Постквантовая криптография – это невероятно интересная область исследований, в которой за последнее десятилетие наблюдался огромный рост. Хотя четыре типа криптосистем, описанных в этом посте, получили большое академическое внимание, ни один из них не был одобрен NIST и, как следствие, пока не рекомендуется для общего использования. Многие из схем не являются производительными в их первоначальном виде и подвергались различным оптимизациям, которые могут влиять или не влиять на безопасность. Действительно, несколько попыток использовать более компактные коды для системы Мак-Элиса оказались небезопасными. На самом деле, получение максимальной защиты от постквантовых криптосистем требует жертвы некоторого количества пространства или времени. Криптография на основе кольцевой решетки является наиболее многообещающим направлением работы с точки зрения гибкости (как сигнатуры, так и KEM, также полностью гомоморфное шифрование), но предположения, на которых она основывается, интенсивно изучались в течение нескольких лет. Сейчас самым безопасным вариантом является использование McEliece с кодами Гоппы, поскольку он выдержал несколько десятилетий криптоанализа.
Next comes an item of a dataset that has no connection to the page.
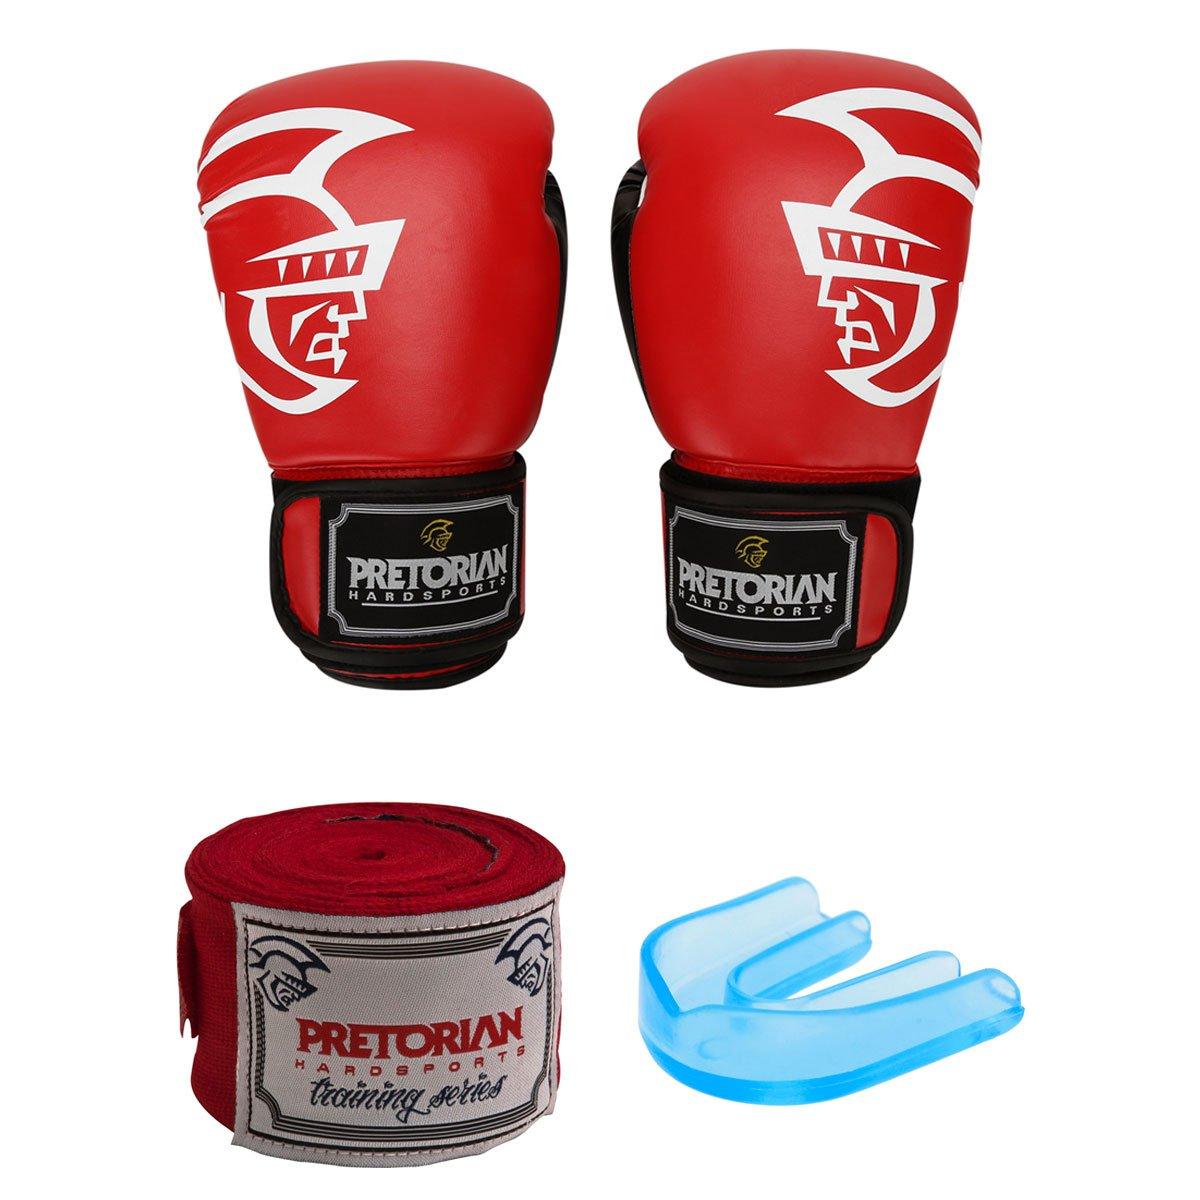 865540109 Kit Pretorian Luva de Boxe Muay Thai Trainning 16 oz + Bandagem Elástica 3m  + Protetor Bucal - Compre Agora

Однако каждый вариант использования уникален. Если вы считаете, что вам может понадобиться постквантовая криптография, свяжитесь со своим дружелюбным соседским криптографом. Всем остальным следует подождать, пока NIST не завершит процесс стандартизации.

Заметки

Более того, ключ не в квантовых вычислениях и компьютерах, а в постквантовой криптографии, которая опирается на классические вычисления и также очень применима в наши дни (в качестве меры предосторожности, чтобы возможное появление квантового компьютера не создавало угрозы для криптографии). ). В этой статье решетки, коды, изогении, подписи на основе хеш-функций хорошо объяснены, однако есть несколько вопросов, которые, по нашему мнению, следует поднять.

Комментарии

1. «Квантовая система обладает полным знанием как импульса, так и местоположения объекта» – это кажется сомнительным утверждением. Эта идея существовала в 1920–1930-х годах и называлась «теориями со скрытыми переменными», но существует множество экспериментов, показывающих, что эти теории не работают. Согласно более современным взглядам, полное знание о импульсе и местоположении не может существовать.

2. «Если кто-то не найдет алгоритм полиномиального времени для факторизации больших целых чисел, этот риск минимален для современных лучших практик» – в настоящее время криптографическая факторизация (RSA) используется редко. Почти вся асимметричная криптография связана с проблемой дискретной логарифмизации.

3. «Способность быстро вычислять большие числа может нарушить как RSA, так и криптографию на основе дискретных журналов» – это соответствует пункту, приведенному в предыдущем параграфе. На первый взгляд кажется, что это не так просто (может быть, есть что-то, чего мы не знаем). Из ссылок мы нашли работу Эрика Баха «Дискретные логарифмы и факторинг», где он делает подобное утверждение, но о другом: факторизация, из того, что мы поняли, не решает ситуацию, в которой групповой порядок велик простое число в общем случае (как на практике). Так что, возможно, при обсуждении этого вопроса требуется немного более осторожный подход. В случае квантовых вычислений вы действительно можете использовать модификации одного и того же алгоритма (алгоритм Шора) для процедуры нахождения периода, но это сомнительно в отношении общего сокращения классических задач.

4. Автор часто ссылается на класс NP-hard и рассуждения о времени вычисления полинома. Эти структуры прекрасны, но теперь более или менее ясно, что в криптографии их следует использовать с осторожностью. Нас больше интересуют проблемы, которые в среднем являются сложными, а не проблемы, среди которых сложные возникают только время от времени. Кроме того, даже если проблема может быть решена за полиномиальное время, но степень полинома очень велика, на практике проблема все еще неразрешима и может использоваться для криптографии.